But I am terrified. Why should I be scared, you ask, when everything seems to be going so well for me? Well, first of all, when your entire health care package is based on the whims of your employer, who wouldn’t be scared in this economy? What if I get laid off? What if my company needs to reduce costs and cuts health coverage? What if I’m faced with a period of being uninsured that will jeopardize my entire lifetime of coverage? When I started a new job after grad school, my health insurance company asked me to prove that I had insurance beforehand so that they would cover something. What? Why would I have to prove I had insurance in the past in order to have my current insurance cover something? What if I actually do have a gap someday!?!?
Now having a family has added further potential cracking points to the coverage I have. My company charges so much to have family members added to one’s plan that I would nearly have to forgo one paycheck just to pay for health coverage. And my landlord and all my other debtors wouldn’t like that. So we had to go the private individually purchased insurance route and get the cheapest health plan we could find. As everyone knows, the higher the deductible, the cheaper the health plan. So our coverage doesn’t cover much. Recently, we had to make a financial decision between sending the monthly check for insurance or sending a family member to the doctor. We chose to pay the insurance company instead of going to the doctor. Isn’t that insane? Instead of using my money to keep my family healthy, I’m giving a nice little gift every month to my insurance company’s highly paid executives and its shareholders.
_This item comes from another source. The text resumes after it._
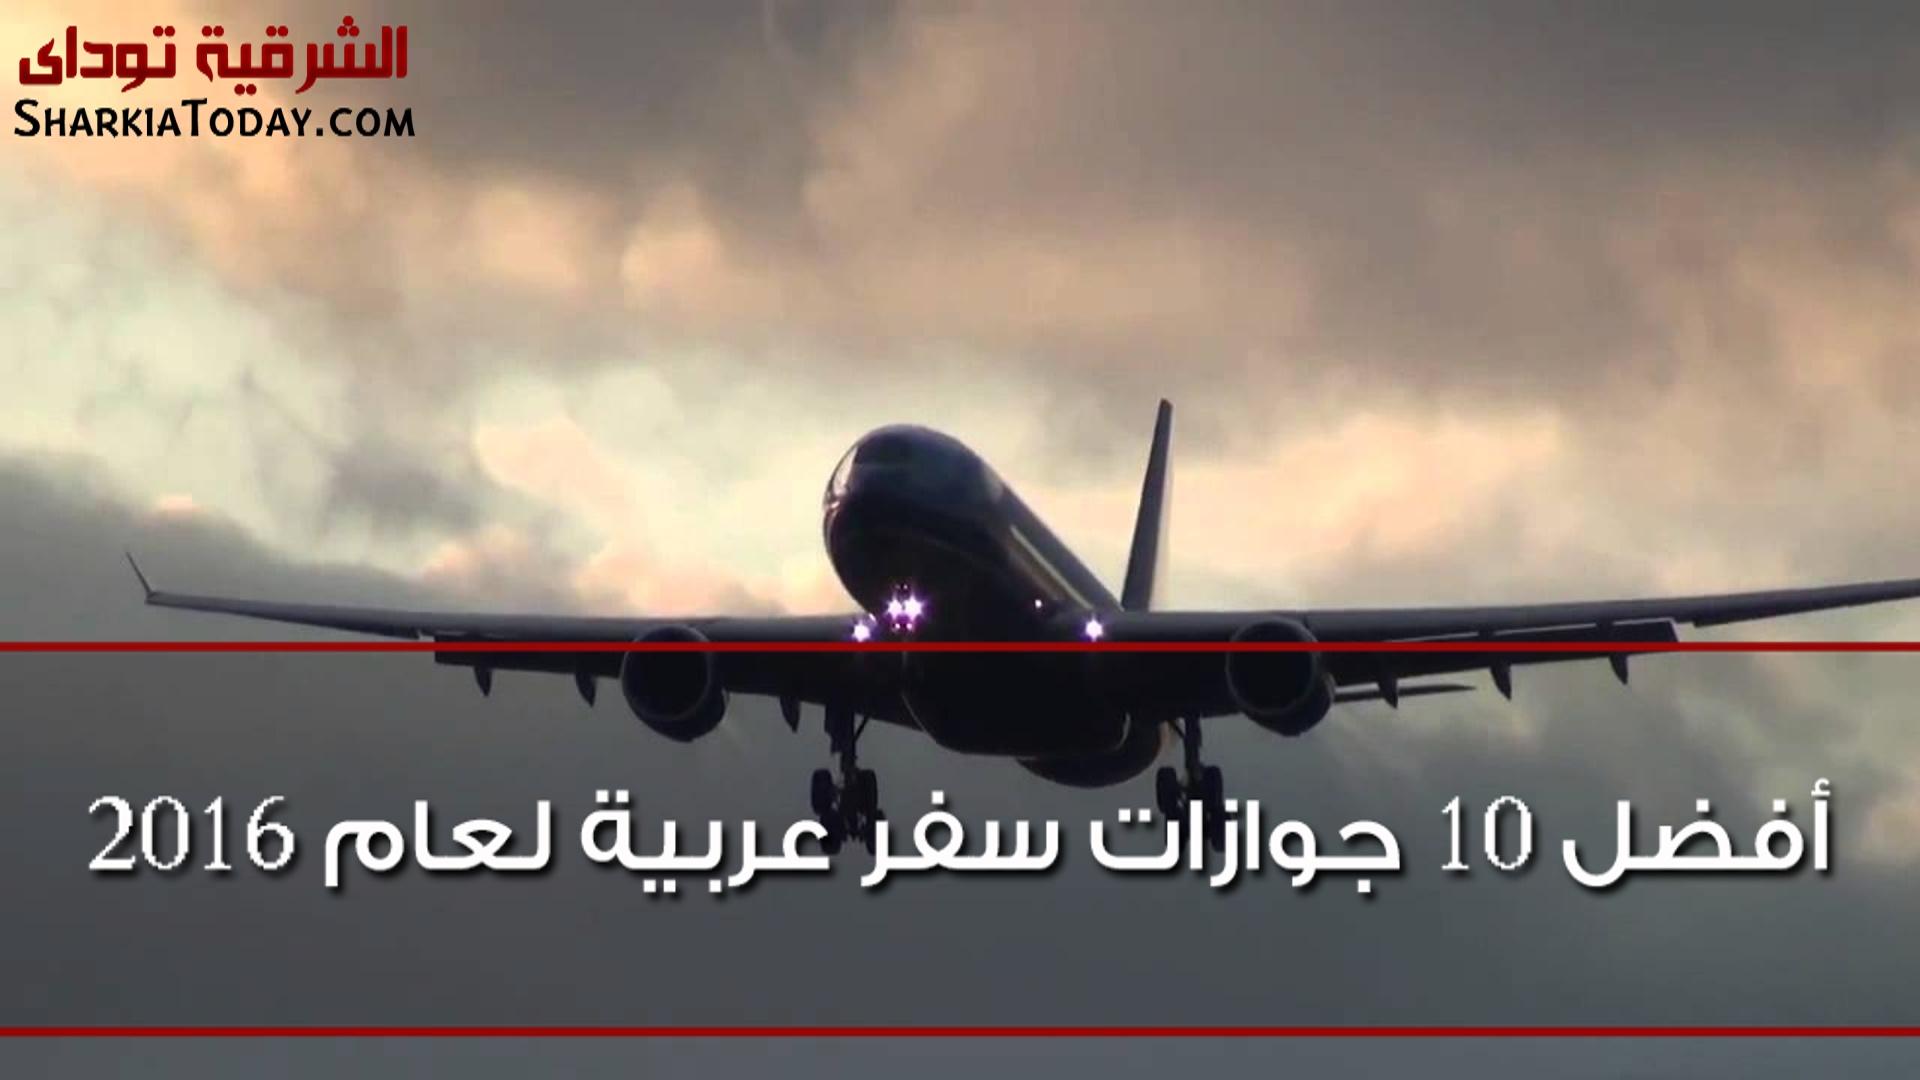 صورة بالفيديو .. أفضل 10 جوازات سفر عربية لعام 2016
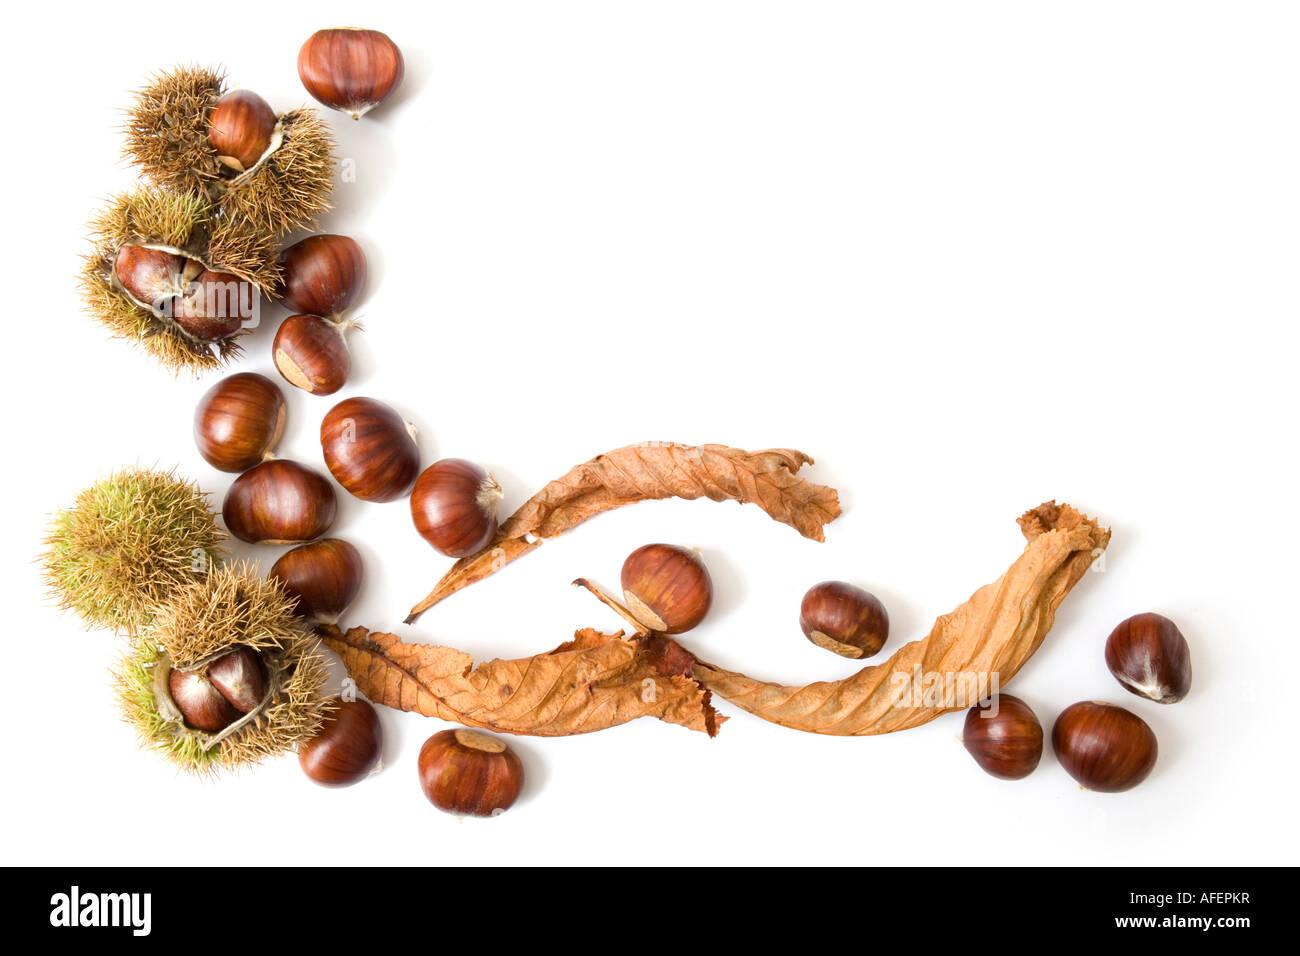 Herbst-Vorlage von Kastanien, isoliert auf weiss mit Textfreiraum Stockbild

And of course who isn’t terrified by the stories about insurance companies denying coverage for major life-threatening things? I know that my family and I are one accident/one illness away from life-altering financial devastation.
That’s my personal story – which isn’t particularly eventful, but it illustrates the fact that even the “safe” insured members of our society are on unstable ground. I would love to fall to my knees in front of Congress and beg for a single-payer health system, if I thought it would work. Unfortunately, the mound of money being paid by the health sector to fight health care reform is likely blocking any view they’d have of me and my pleas.
Shannon
Bethesda, MD
Friday, August 7, 2009
Health Care Stories: Bethesda, MD
Labels:
health care stories
Subscribe to:
Post Comments (Atom)
2 comments:
A related issue is that more than half of all bankruptcy filings are the result of overwhelming health care costs. Yet rather than fix the health care system to address the root of the problem, what did we get? A 2005 revision to the bankruptcy laws that made filing more difficult, more expensive, and less likely to provide relief from these onerous debts.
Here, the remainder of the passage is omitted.